The Nifty India Defense Index was trading down 1.13 per cent at 8,309.25 around 1 pm on Wednesday, with 15 of 18 constituents in the red. Bharat Electronics (BEL) fell 1.56 per cent to ₹456.10, Hindustan Aeronautics (HAL) dropped 0.97 per cent to ₹4,001, and Bharat Dynamics (BDL) declined 1.75 per cent to ₹1,360.20. The index has shed nearly 885 points from its 52-week high of 9,195.15, though it remains up 48.15 per cent over the past year.
The broad-based decline came despite a bullish sector note published Monday by Motilal Oswal, which maintained Buy ratings on BEL (target ₹520), HAL (target ₹5,500), BDL (target ₹1,800), and Astra Microwave (target ₹1,150). Astra Microwave was among the few gainers on the day, up 0.93 per cent to ₹1,041.

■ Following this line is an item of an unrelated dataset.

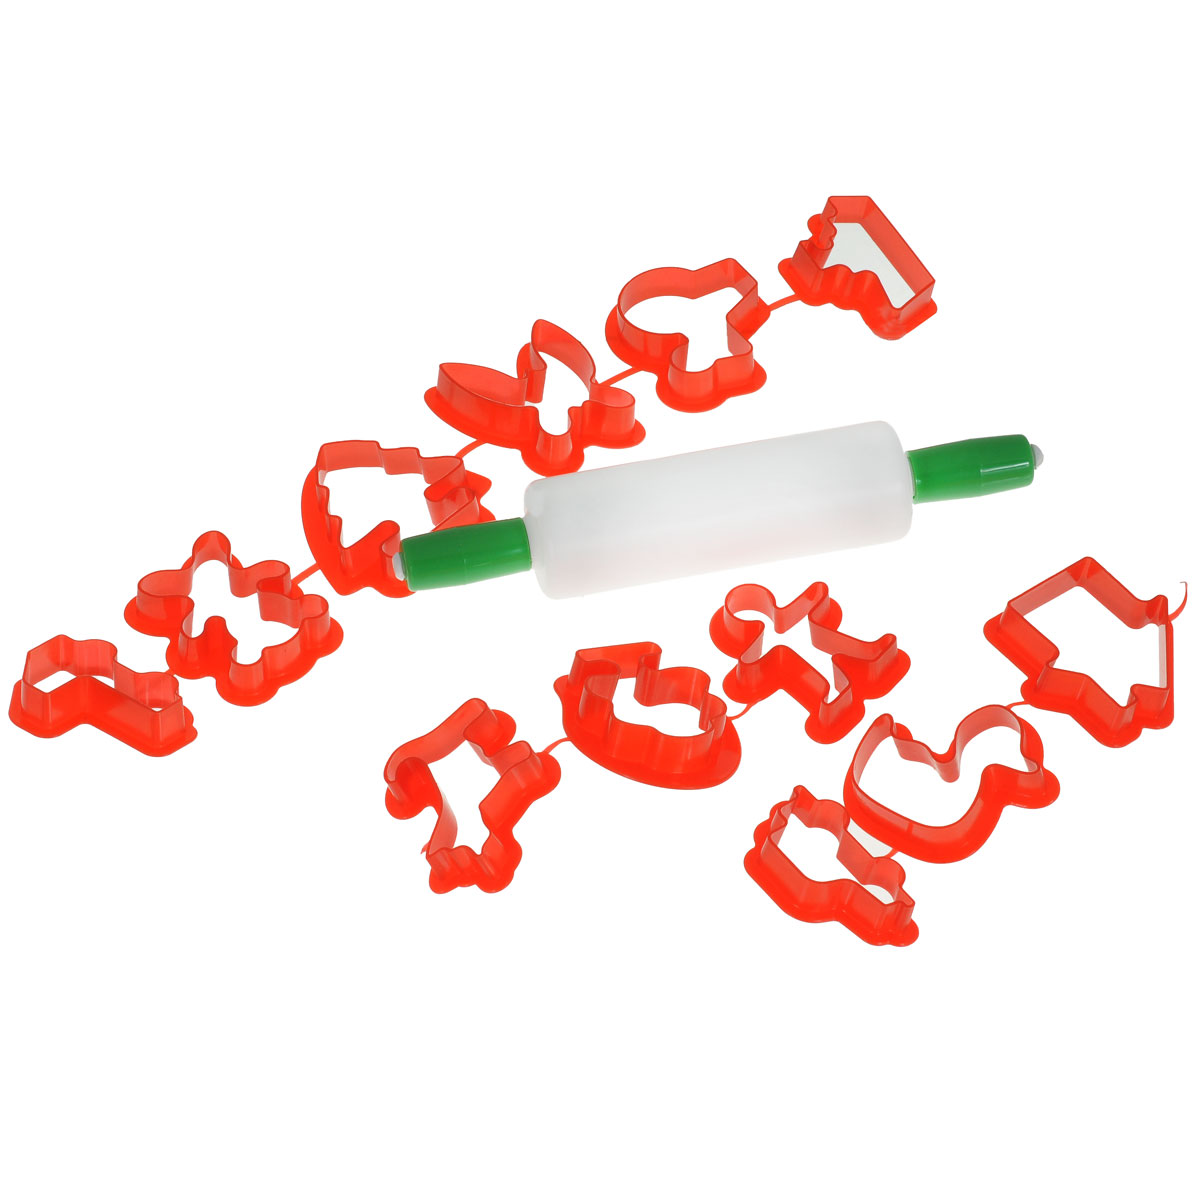 Набор для моделирования Jovi, 13 предметов7/6RxНабор для моделирования и лепки Jovi непременно понравится вашему маленькому скульптору, ведь он позволит малышу самостоятельно слепить фигурку. Это самый простой способ познакомить вашего ребенка с новым для него материалом. Просто приложите формочку к пластилину, и в руках малыша готовая фигурка. Пластилин можно раскатывать скалкой. В набор входит 12 форм и скалка в блистере. Данный набор прекрасно развивает моторику рук и пространственное мышление, а также воображение и художественный вкус. Фигурка, сделанная своими руками, будет предметом гордости малыша и обязательно станет его любимой игрушкой. Не рекомендуется детям до 3-х лет.

The brokerage cited escalating West Asia tensions as a potential catalyst for higher global defense spending, noting that the region accounted for 26 per cent of global arms imports in FY25. It also flagged India’s Union Budget defense capital outlay increase of 18 per cent year-on-year to ₹2.2 trillion in FY27, and over ₹7 trillion worth of Acceptance of Necessity approvals cleared so far in FY26.
Motilal Oswal projected India’s total defense production to reach ₹3 trillion by FY29-30, roughly double FY25 levels, with exports targeting ₹500 billion over the same period.
On the supply side, the report flagged a key risk: India sources nearly half of its air defense and sensor imports from Israel, raising concerns about component availability if the West Asia conflict prolongs.
Dynamatic Technologies was the worst performer in the index, falling 4.33 per cent, followed by MTAR Technologies down 2.38 per cent and Unimech Aerospace off 1.98 per cent. Cyient DLM led gains at 4.38 per cent, followed by BEML at 1.51 per cent.